It's a way to turn on and off certains portions of your code. In real life it can be an if
expression to check a flag, if it returns true
you do something and if it returns false
you do something else. This project is were you store your flags, but it's not just that, you can write complex rules based on variables that are stored here too!
Example of a simple feature toggle to enable or disable a feature called profile:
{
"toggleId": "should_show_profile",
"enabled": true,
"rules": ""
}
There is a set of APIs to manage the feature toggles:
Verb | Path | Description |
---|---|---|
GET | /toggles/ | Get all toggles. |
POST | /toggles/ | Save new toggle or return error if a toggle with the same Id already exists. |
GET | /toggles/{toggleId} | Get a toggle by it's id. |
PUT | /toggles/{toggleId} | Update a toggle or return error if the toggle doesn't exsit. |
DELETE | /toggles/{toggleId} | Remove a toggle by its id |
You can add variables to use in your rules and turn your toggles much smarter. You can turn some feature toggles enabled for certains versions of your client. For example:
{
"toggleId": "should_show_profile",
"enabled": true,
"rules": "Number(appVersion) > 3"
}
To store your variables, there is a API for that
Verb | Path | Description |
---|---|---|
POST | /variables/{userId} | Save variables associated to a user. |
GET | /variables/{userId} | Get variables associated to a user or return error if it doesn't exist. |
A variable can be a number, a string or a list of strings or numbers (in this first version only integer numbers are supported), see some examples:
{
"appVersion": 1,
"roles": ["beta", "admin"],
"status": "active"
}
Guess what? We have some APIs to do this too!

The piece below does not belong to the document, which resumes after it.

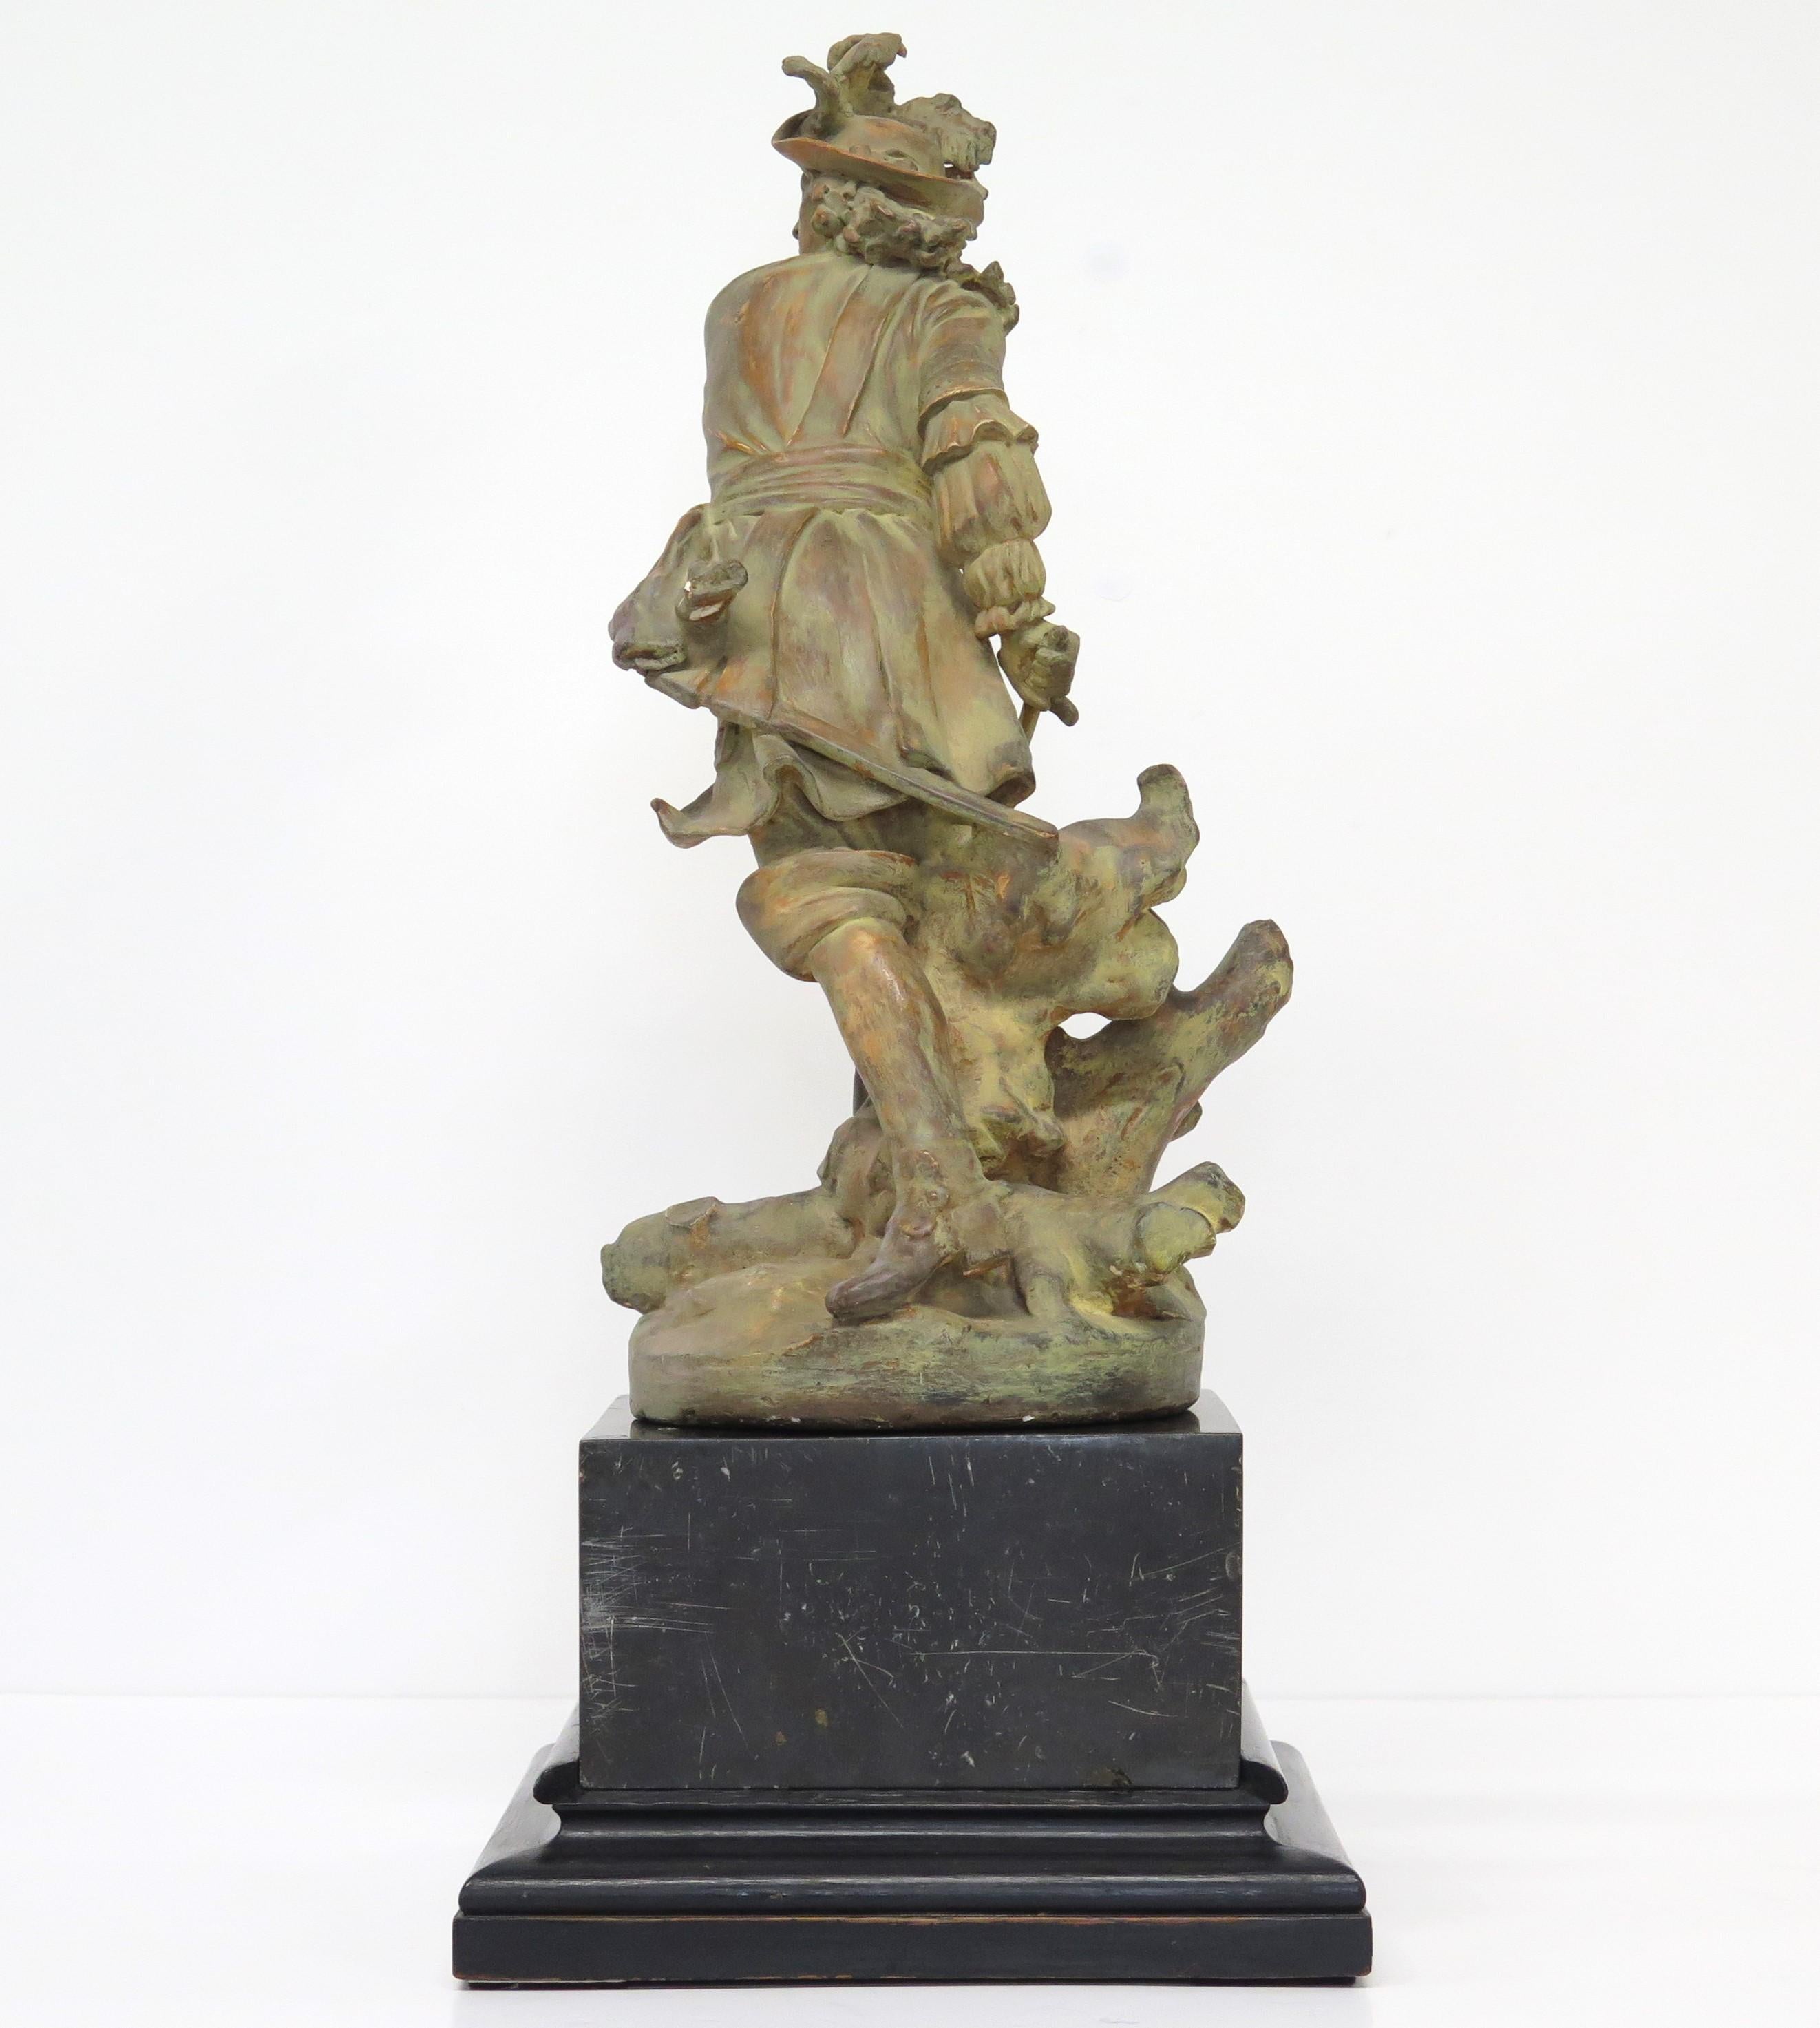 Neoclassical Terra Cotta Figure After the Bronze by Pierre-Jean David d'Angers 1788 For Sale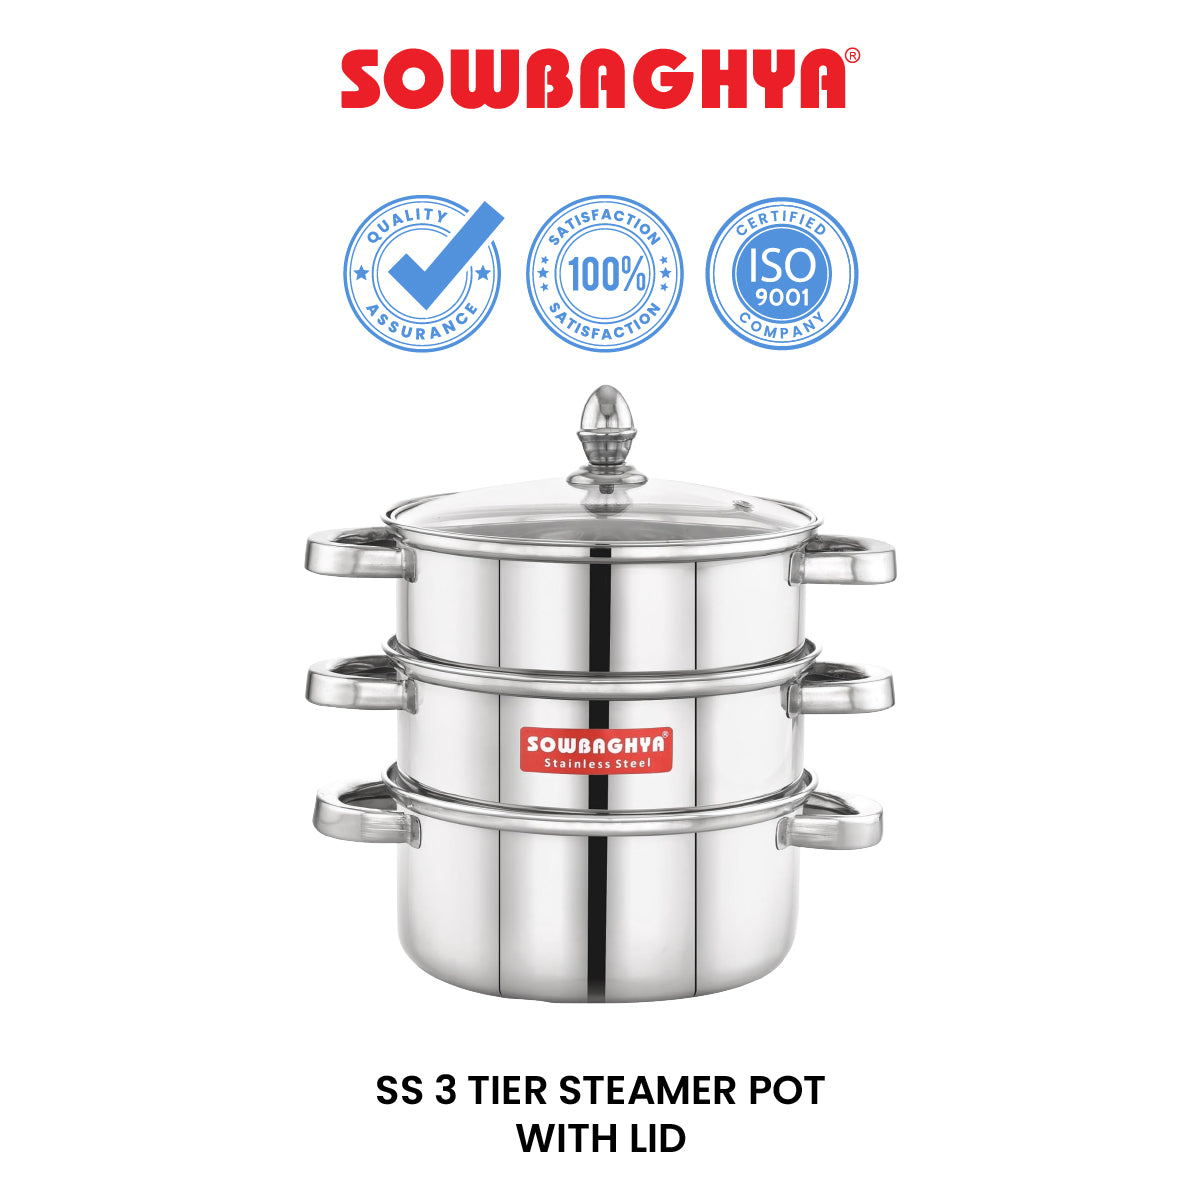 SS 3 Tier Streamer Pot with Lid

Verb | Path | Description |
---|---|---|
POST | /toggles/{toggleId}/check | In this API you have too send the variables in the body. It will return true or false in the response body. |
GET | /toggles/{toggleId}/check/{userId} | Here you need to have variables already stored. It will return true or false in the response body. |
You can find more about rules in [https://github.com/johnowl/owl-rules]
https://app.swaggerhub.com/apis/johnowl/api-documentation/1.0
- Create a fork of this repository
- Code, Code, Code
- Do not forget the unit tests!
- Make it run in your machine
- Run all the unit tests
- Send a pull request
- Spring Boot Application
- PostgresSQL to store the rules
- Redis to store the variables
How to run
Command: ./gradlew bootRun
The application will start on port 8000 and it will work with an in memory database.
If you want to use PostgresSql and Redis you need to update the application.properties file.